- Born: Amélie Munk 31 May 1928 Ansbach, Bavaria, Germany
- Died: 7 May 2010 (aged 81) Royal Free Hospital, London, England
- Resting place: Mount of Olives, Israel
- Occupation: charity patron
- Known for: "Queen Mother" of the UK's Jewish community
- Spouse: Immanuel Jakobovits, Baron Jakobovits (married c. 1947)
- Children: 6
- Parent(s): Elie Munk Fanny Frumet Goldberger

= Amélie Jakobovits =

Amélie Jakobovits, Baroness Jakobovits (née Munk; 31 May 1928 – 7 May 2010) was a British charity patron, and the wife of Immanuel Jakobovits, Chief Rabbi of the United Hebrew Congregations of the Commonwealth, and an important figure in Jewish life in the UK in her own right, who was known as the "Queen Mother" of the UK's Jewish community.

==Early life==
She was born Amélie Munk on 31 May 1928 in Ansbach, Bavaria, Germany, the daughter of Elie Munk (1900–1981), a rabbi and rabbinic scholar, and his wife, Fanny Frumet Munk, née Goldberger (1906–1979). They moved to Paris in 1936 and, after the Nazi invasion, to Switzerland in 1940, remaining there until Paris was liberated.

==Career==
Unusually in Orthodox Jewish life, she mediated between her husband and Menachem Mendel Schneerson, who was the Lubavitcher Rebbe, leader of one of the largest Hassidic groups, on matters relating to Israel. Her husband was far more of a "dove", and Schneerson was quite "hawkish". This was made possible by a longstanding connection between them – she had even played football as a child with Schneerson in pre-war France.

She led the first marches in support of the Soviet Jewry movement, supporting Jews being allowed to leave the Eastern Bloc for resettlement in Israel.
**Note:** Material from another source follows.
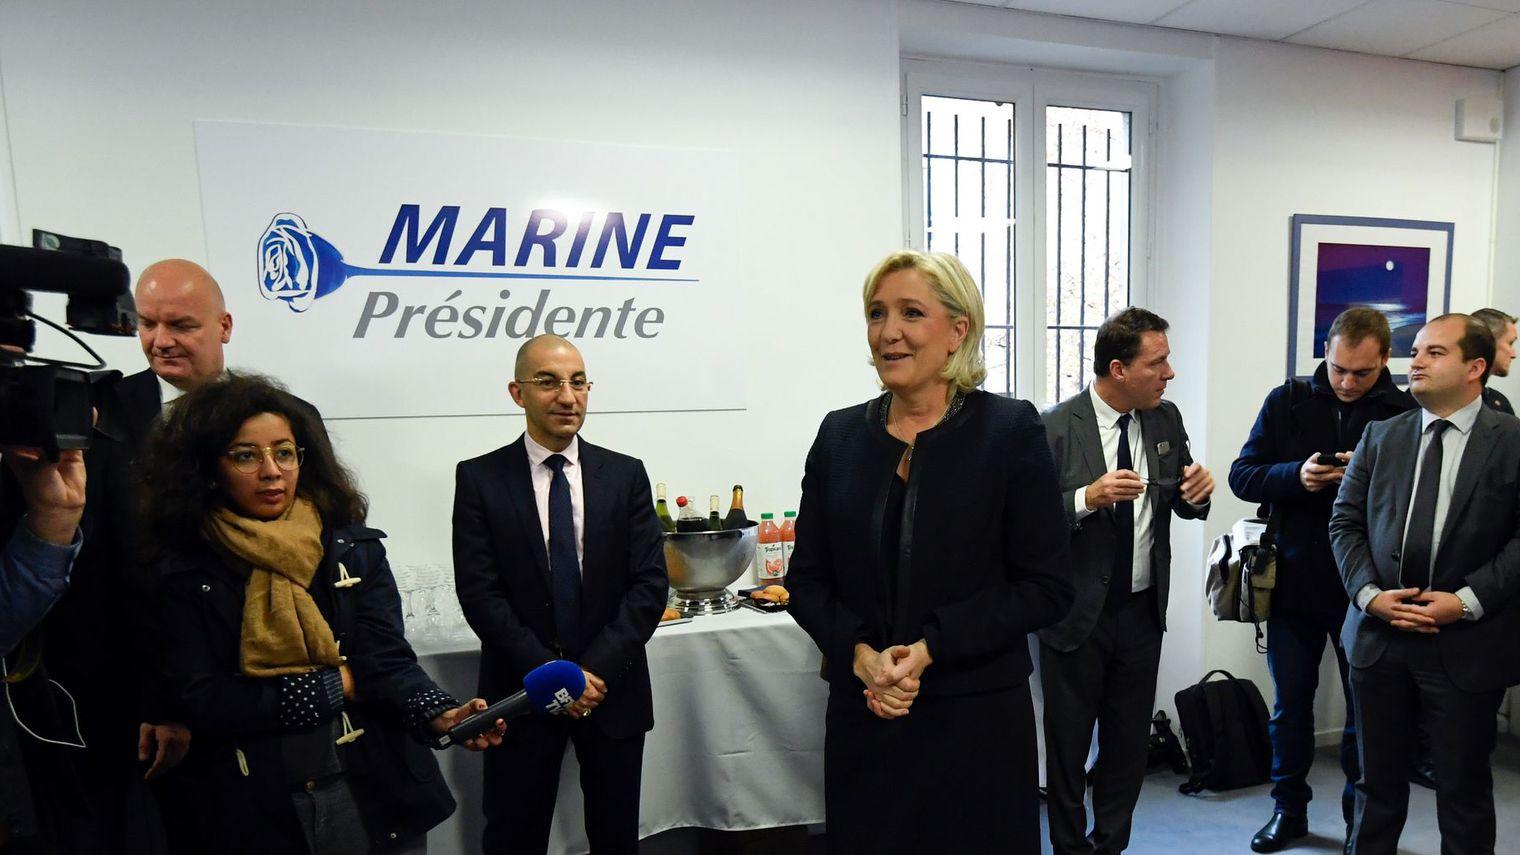 Marine Le Pen présente le logo de sa campagne présidentielle : la Rose bleue

She did extensive charity work, including Yad Sarah, Emunah and Kisharon. After her husband died, she became known as the "Queen Mother" of the UK's Jewish community.

==Personal life==
Through a family friend she met her future husband Immanuel Jakobovits, who proposed to her at the top of the Eiffel Tower. They had two sons and four daughters.
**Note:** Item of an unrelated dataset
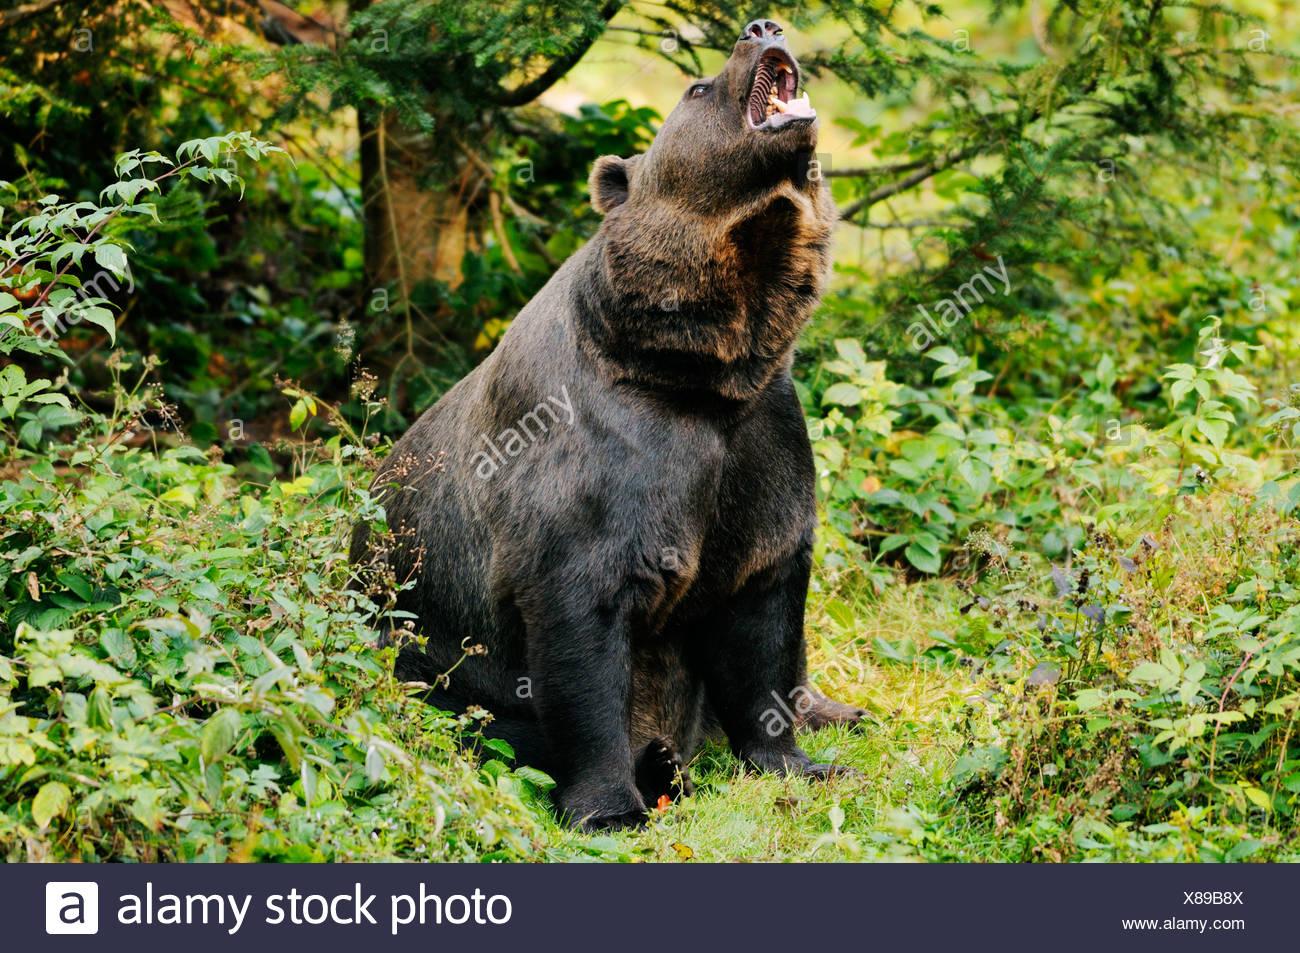 brown bear - growling / Ursus arctos - Stock Image

She was a cousin of Deborah Lipstadt, the American writer on the Holocaust.

==Later life==
She died at the Royal Free Hospital, London, of bronchopneumonia and heart failure, on 7 May 2010. Her death was mourned by a crowd of 5,000 on the Shirehall Estate in Hendon, London, where she had lived in her later years. She was buried next to her husband on the Mount of Olives, Israel.